In this case, the plaintiff treated with several different physicians in an effort to root out the cause of his overwhelming fatigue. He first complained to his family physician Daniel T. Webb, D.O.; he was referred to neurologist Gregory J. Dardas, M.D.; he saw sleep specialist and neurologist John M. Buday, M.D.; he was examined by cardiologist Edward Conley, D.O.; he treated with family practitioners David Brown, D.O., F.C. Stevens, D.O., and G.O. Arcay, M.D.; he was tested at the request of rheumatologist Penput Tangsintanopas, M.D.; and he was treated and diagnosed by physiatrist Carol van der Harst, M.D. The cause of the plaintiff's symptoms were somewhat elusive, but after a series of medical tests the plaintiff was diagnosed with chronic fatigue syndrom by Drs. Webb, Dardus, and Connolly, as noted by psychologist Robert Plummer, Ph.D., who examined the plaintiff at the request of the disability Determination Program. See tr. at 265.

Dr. van der Harst also diagnosed CFS, although she acknowledged that the plaintiff was one or two symptoms short of the "working case definition" for the disease published by the Center for Disease Control, which also noted that "all of [the symptoms] need not be present to fulfill the diagnosis or definition." Tr. at 295-97. She completed several questionnaires on July 13, 1998 relating to the plaintiff's functional limitations. She noted that the plaintiff's CFS symptomatology of pain, fatigue and irritability had existed for fourteen months, he was treated with Elavil but suffered side effects, he was unable to perform activities involving concentration or reliability at least fifty percent of the working day because of his incapacitating pain and fatigue, and his CFS was a medically determinable impairment that reasonably could be expected to produce disabling fatigue. Tr. at 289-97. She also opined that the plaintiff's endurance over a work day consisted of two hours, and that he had to lie down or rest for substantial periods of time during the day to obtain relief from pain and fatigue. Tr. at 291.

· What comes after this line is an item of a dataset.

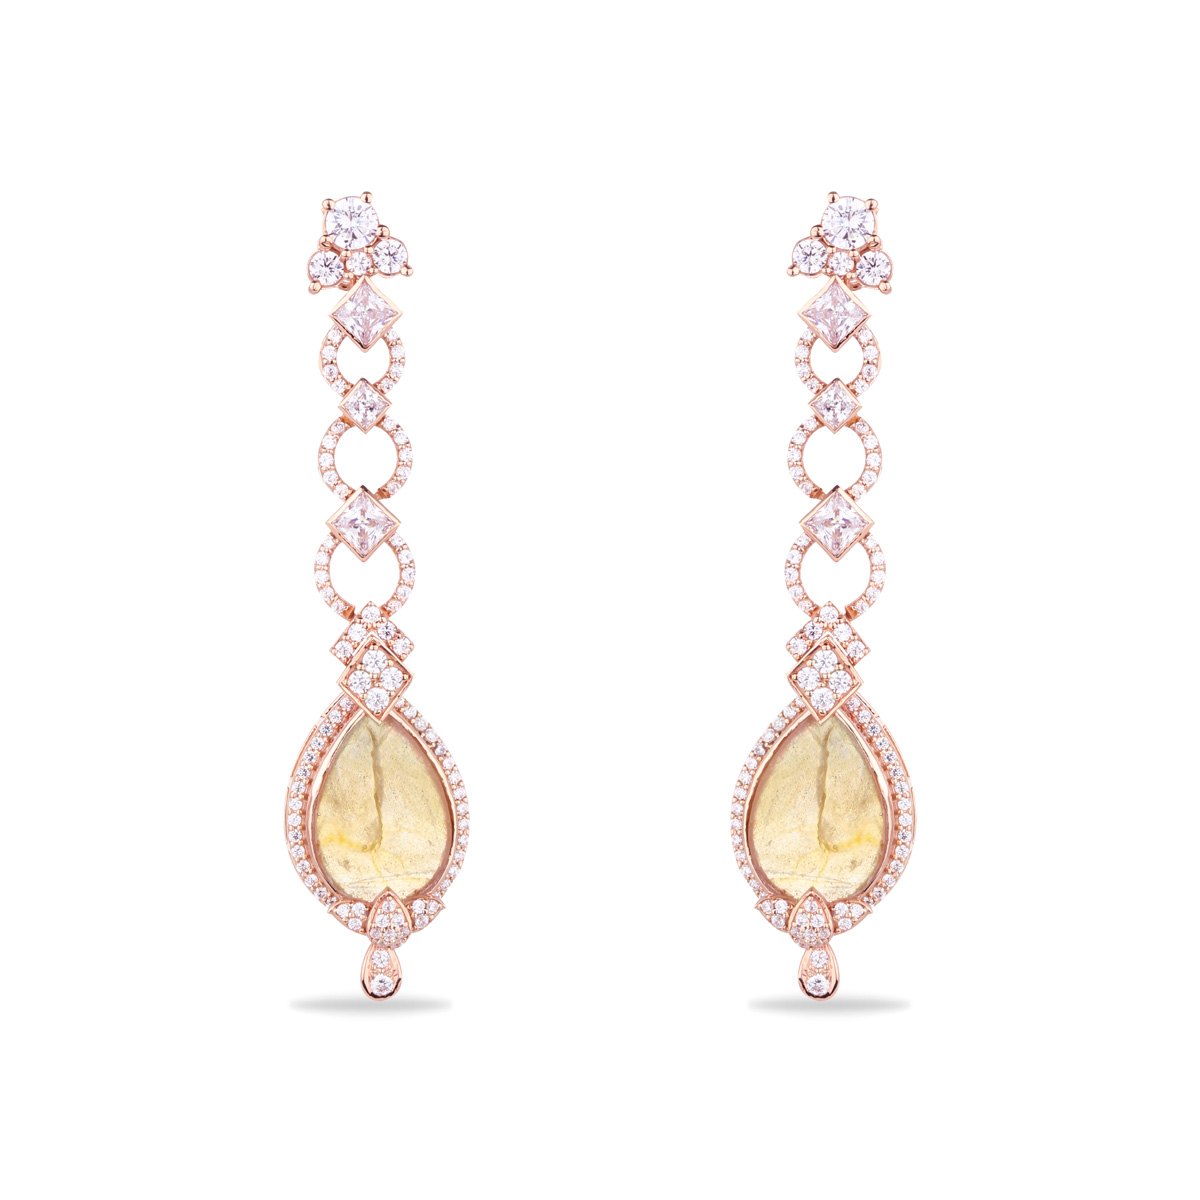 Delicate Swarovski Earrings

If the ALJ had accepted Dr. van der Harst's opinion, he would have had to find the plaintiff disabled since the vocational expert was not able to identify any jobs that the plaintiff could perform that fit within those limitations. The ALJ rejected Dr. van der Harst's opinion however as unreliable. The ALJ initially noted that Dr. van der Harst first examined the plaintiff on May 7, 1998. He then observed:

Approximately six days after her examination, Dr. van der Harst filled out a medical assessment of ability to do work-related activities (Exhibit 7F). The undersigned finds that this report is not objectively valid as the claimant had not had any of the Cybex testing recommended to show his response to pre and post exercise challenge, response to treatment and the observations symptomatology when Dr. van der Harst particularly stated that his symptomatology would be expected to produce a significant and disabling degree of fatigue. While other objective testing had been negative other than for an occasional intermittent hypoglycemic episode, Dr. van der Harst's finding of chronic fatigue syndrome debilitating the claimant was not given any weight by the undersigned as it was in contradiction to her diagnosis of May 7, along with her examination that showed no significant deficits that would exclude the claimant from performing basic work activities ( 20 CFR 404.1527(d) (2a) and 20 CFR 416.927(d)(2)).

Tr. at 20.

Dr. van der Harst is a treating physician. The well-established general rule is that a treating physician's opinion should be given greater weight than those opinions of consultative physicians who are hired for the purpose of litigation and who examine the claimant only once. See Farris v. Sec'y of Health Human Servs., 773 F.2d 85, 90 (6th Cir. 1985). Moreover, if a treating physician's opinion is not contradicted, complete deference must be given to it. Walker v. Sec'y of Health Human Servs., 980 F.2d 1066, 1070 (6th Cir. 1992); King v. Heckler, 742 F.2d 968, 973 (6th Cir. 1984). See also Hardaway v. Sec'y of Health Human Servs., 823 F.2d 922, 927 (6th Cir. 1987) ("The expert opinions of a treating physician as to the existence of a disability are binding on the fact-finder unless contradicted by substantial evidence to the contrary."); Laskowski, 100 F. Supp. 2d at 484.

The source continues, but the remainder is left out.